Super cool! Turns out I only have to walk 2.7 minutes to get to a worm hotel! Let's wrap this up in a function so we can encode the whole dataset with this information

## Creating a function

In [40]:
import requests
buurtcompostlocaties = df_buurtcompost.locatie_cleaned.values
buurtcompostlocaties_string = ";".join(buurtcompostlocaties)

def compute_nearest_target_information(cell):
    current_coordinates = cell
    profile = "foot"
    requestURL = "http://0.0.0.0:5000/table/v1/" + profile + "/" \
                                        + current_coordinates + ";" \
                                        + buurtcompostlocaties_string \
                                        + "?sources=0"
    distances = requests.get(requestURL).json()["durations"][0]
    distances.pop(0)
    seconds = min(distances)
    meters = seconds * 1.388888889
    index = distances.index(min(distances))
    buurtcompost_values = df_buurtcompost.iloc[index].values    
    return (seconds, meters, index, buurtcompost_values)




In [41]:
# Test output
compute_nearest_target_information("4.877951499999995,52.3824856")

compute_nearest_target_information("4.8796727,52.3712739")

(162.2,
 225.27777779579998,
 33,
 array([42, 'hoek jacob catskade - de wittenstraat', 'hilde',
        'amsterdam+a209@wormenhotel.nl', 15, 'GF',
        'Toestemming van initiatiefnemer', 2017, nan,
        'POINT(4.8761638,52.3813059)', '4,8761638', '52,3813059', nan,
        '4.8761638,52.3813059', 4.8761637999999996, 52.381305900000001], dtype=object))

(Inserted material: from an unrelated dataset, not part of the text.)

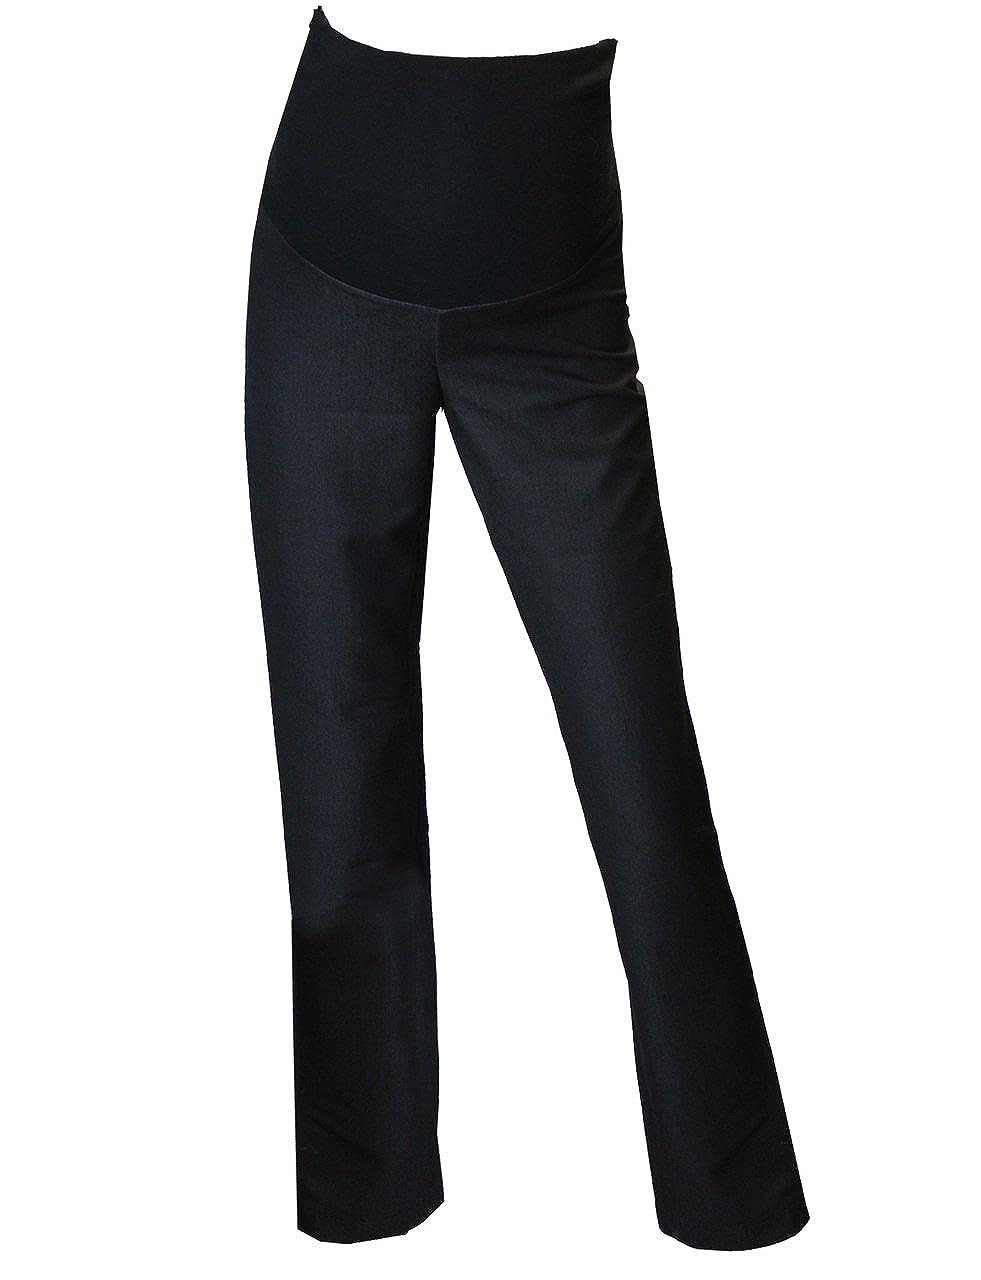 Rose Pixie Top Qualit/é Smart Formelle Travail de Bureau FuturaLondon Maternit/é Grossesse FuturaLondon Fin Pantalon Long

(949.3, 1318.4722223277, 5, array([9, 'schimmelstraat 44',
        'stadsboerderij zimmerhoeve, annelijn van amsterdam',
        'info@zimmerhoeve.nl', 0, 'GF', 'Toestemming van initiatiefnemer',
        0, nan, 'POINT(4.864346,52.3687925)', '4,864346', '52,3687925', nan,
        '4.864346,52.3687925', 4.8643460000000003, 52.368792499999998], dtype=object))

## Success!

Neat! Now we can apply this function to the addresses in Amsterdam. First, lets apply this to small amount of people and also time it, so we can see how long our computer needs to work on the whole dataset.

In [14]:
%%time
df_adressen_witten.is_copy = False
df_adressen_witten['Nearest wormhotel information'] = df_adressen_witten['locatie_cleaned'].apply(np.vectorize(compute_nearest_target_information))
df_adressen_witten

NameError: name 'df_adressen_witten' is not defined

Ok, that's 87 seconds, which we need to multiply by 351 to get to the seconds it will take us for the whole set. This would be 8.5 hours.

Let's also convert and time the Staatsliedenbuurt set.

In [15]:
%%time
import numpy as np
df_staatsliedenbuurt.is_copy = False # To surpress SettingWithCopyWarning, see https://stackoverflow.com/questions/38809796/pandas-still-getting-settingwithcopywarning-even-after-using-loc/38810015#38810015
df_staatsliedenbuurt['Nearest wormhotel information'] = df_staatsliedenbuurt['locatie_cleaned'].apply(np.vectorize(compute_nearest_target_information))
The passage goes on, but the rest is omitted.